Dataset extract ::
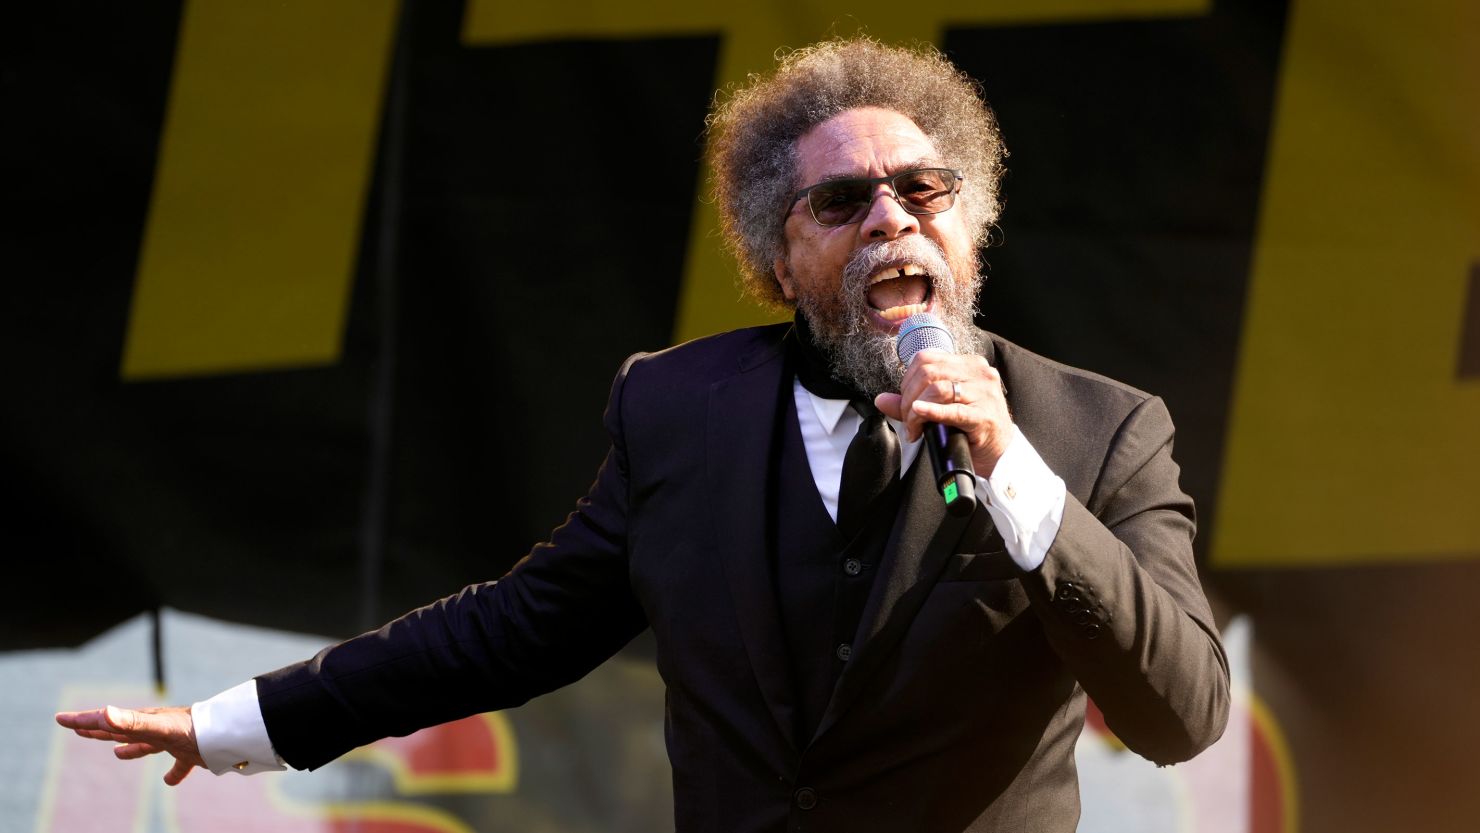 Scholar and activist Dr. Cornel West, who is running for U.S. president as a third-party candidate in 2024, gives the keynote address at the "#BLM Turns 10 People's Justice Festival" on Saturday, July 15, 2023, at the Leimert Park neighborhood in Los Angeles.
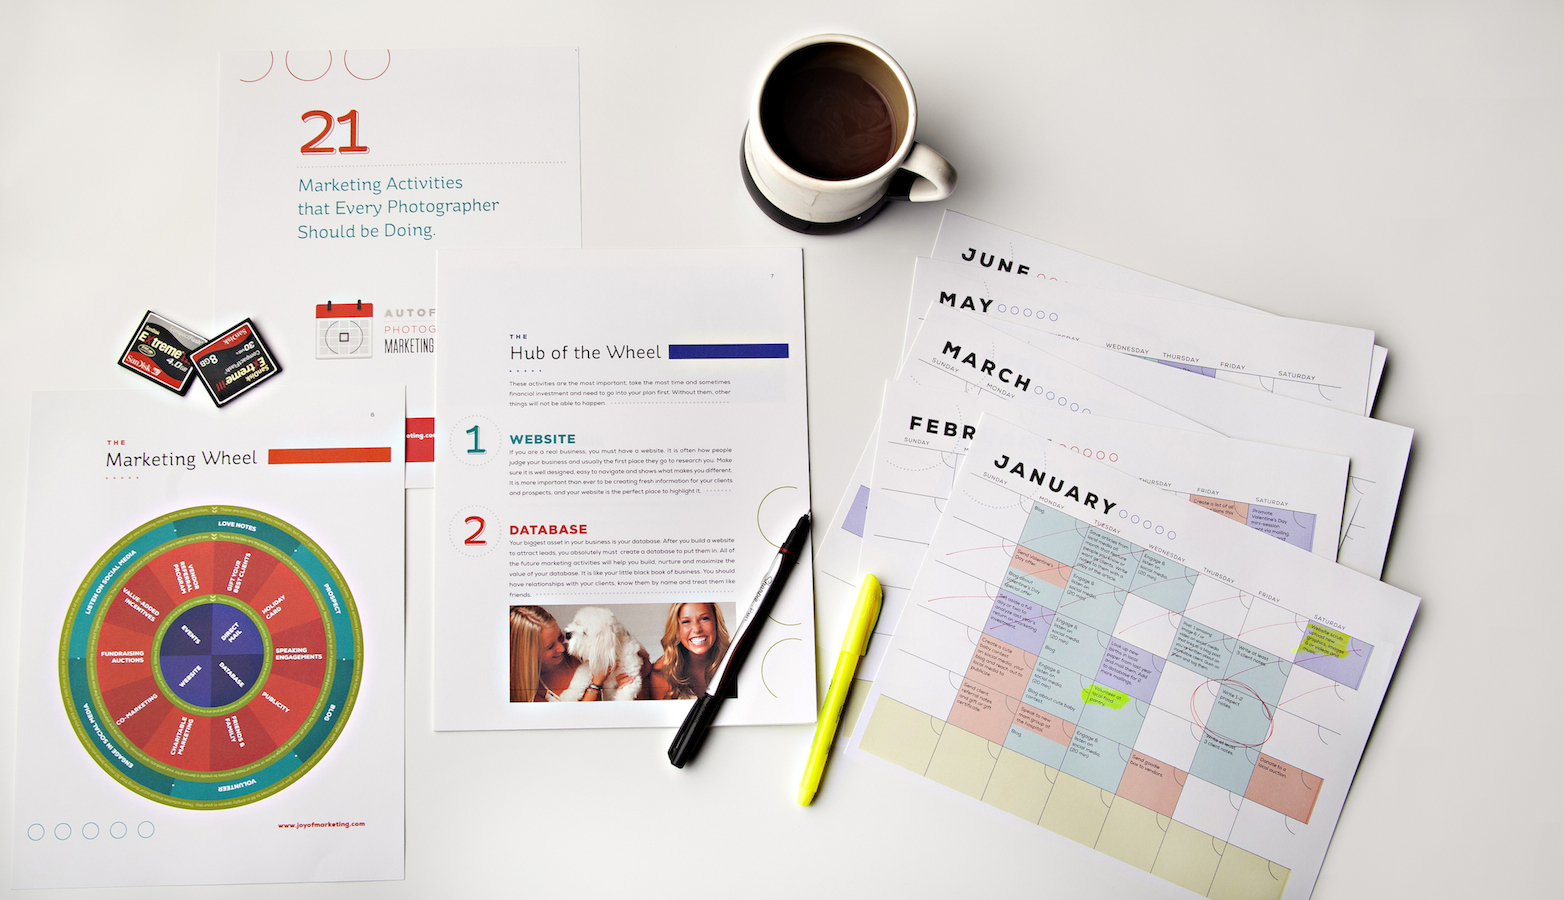 Marketing Calendar for growing a photography business
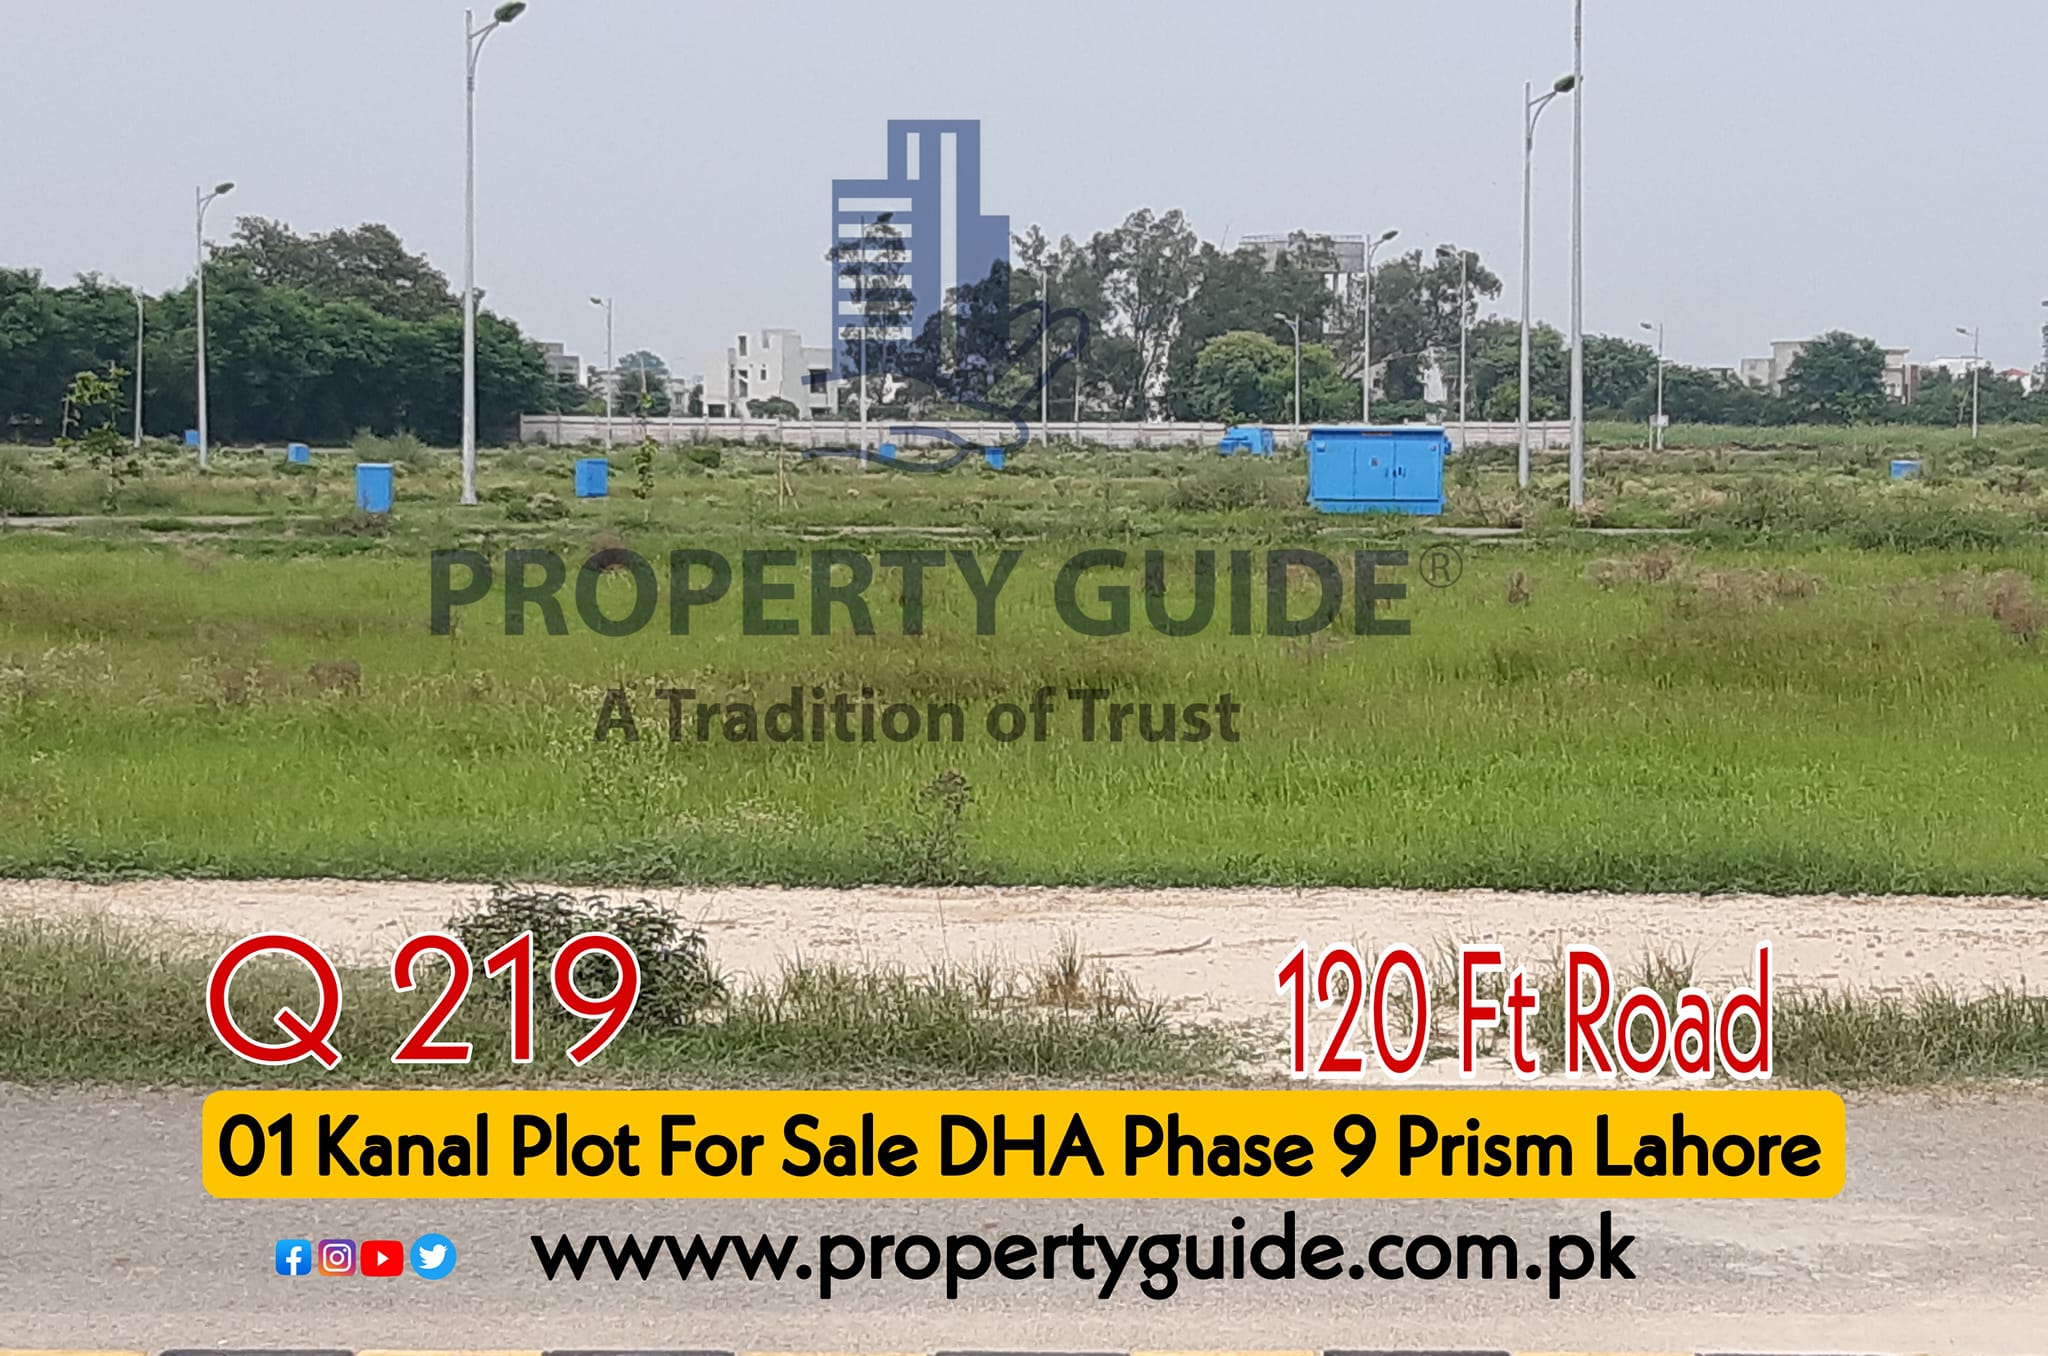 Kanal Plot For Sale DHA Phase 9 Prism Lahore Q 120 Feet Road

Exercise description :: The reply has to reproduce every line above verbatim and contain no pictures.

Answer below ::
 Scholar and activist Dr. Cornel West, who is running for U.S. president as a third-party candidate in 2024, gives the keynote address at the "#BLM Turns 10 People's Justice Festival" on Saturday, July 15, 2023, at the Leimert Park neighborhood in Los Angeles.
 Marketing Calendar for growing a photography business
 Kanal Plot For Sale DHA Phase 9 Prism Lahore Q 120 Feet Road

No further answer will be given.